Um bom candidato a setor piloto, conforme MOURA (1989), é aquele que apresenta um número pequeno de itens individuais, com programas de produção razoavelmente estáveis, e com poucas restrições de produção (capacidade, tamanho do lote, etc).

Como foi comentado, no início do trabalho levantou-se o fluxo de materiais no chão-de- fábrica, isto foi feito pelo contato com os encarregados das células, em que se verificaram todos os processos e fluxos de materiais, o que possibilitou uma boa visão do chão-de-fábrica e um bom conhecimento dos produtos.

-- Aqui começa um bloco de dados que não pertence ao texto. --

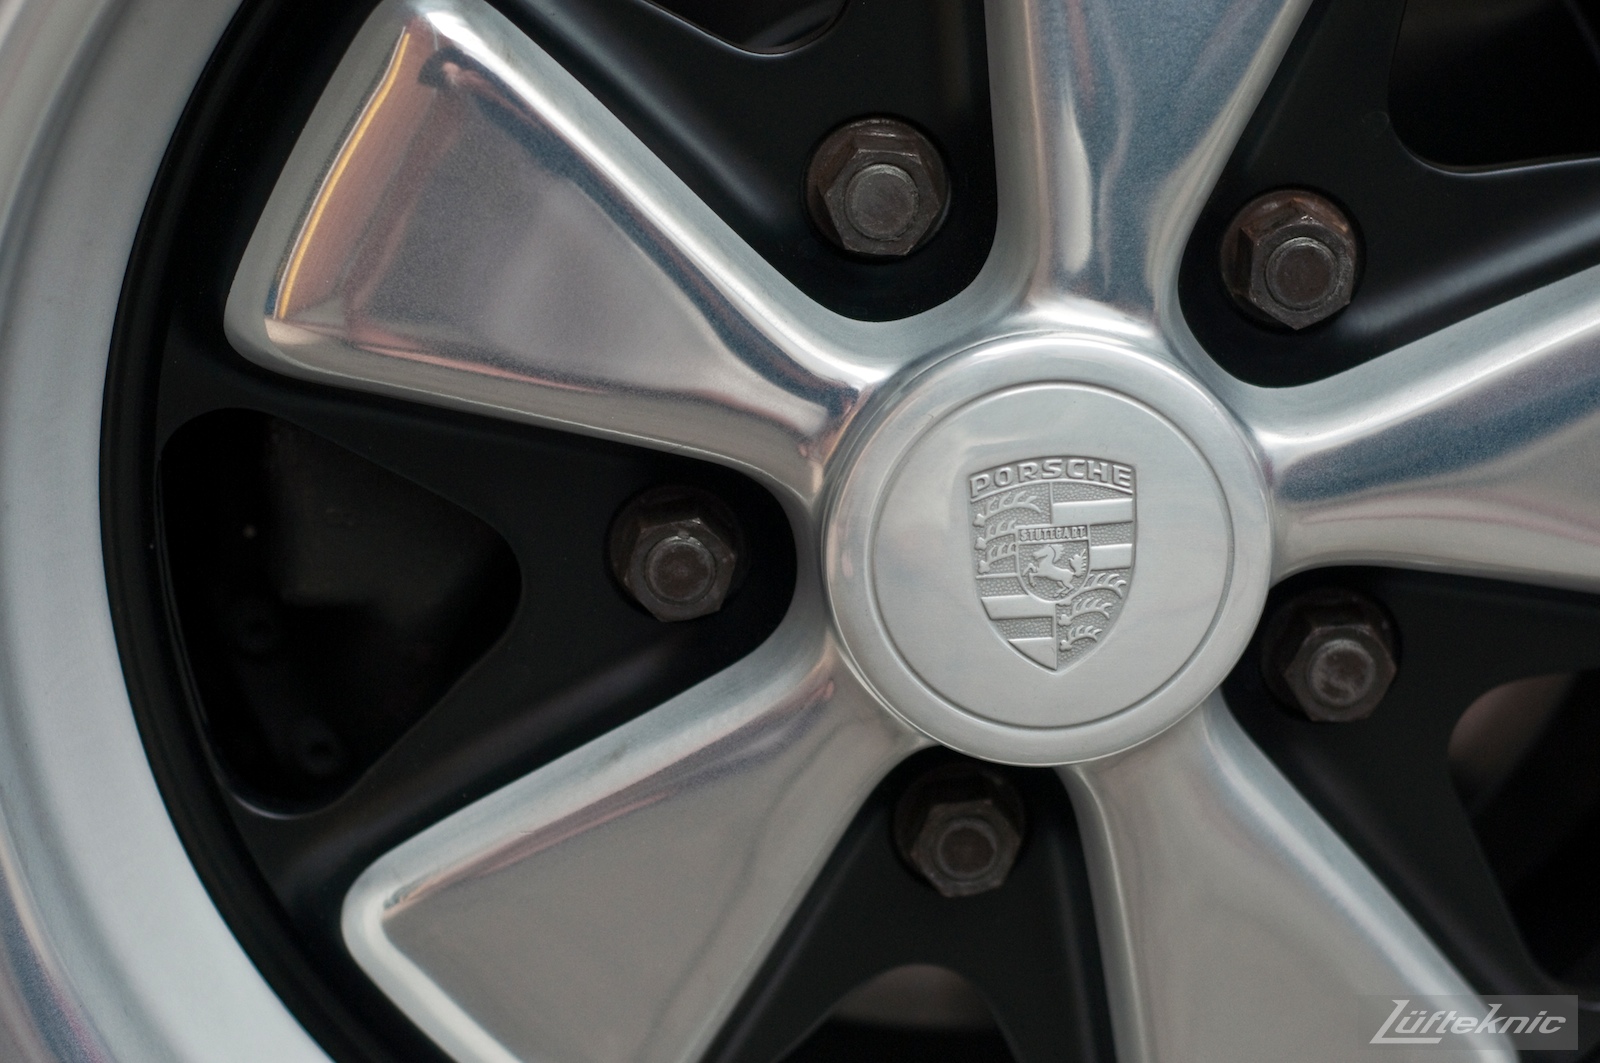 A close up picture of a Porsche center cap on a Fuchs wheel

Com esta "caminhada" pelo chão-de-fábrica e analisando-se o fluxo de materiais, o setor Cabos Clusters revelou-se um bom candidato à célula piloto. Decidiu-se então explorar mais detalhadamente este setor e foi constatado o seguinte:

Produz pequeno número de itens individuais

Poucas interações com outros produtos

Possui espaço para o supermercado

Está passando por implantação de programas de qualidade e existe por parte do encarregado da célula um grande interesse em conhecer o sistema Kanban e aplicá-lo, além do desejo de contínuas melhorias no setor.

É o segundo produto da empresa em termos de faturamento.

Fizeram-se também estudos com relação à capabilidade dos processos (capacidade do processo manter os padrões estabelecidos), manutenção, refugos, etc.

Dessa maneira, o setor Cabos Clusters foi escolhido como setor piloto para elaboração do sistema Kanban.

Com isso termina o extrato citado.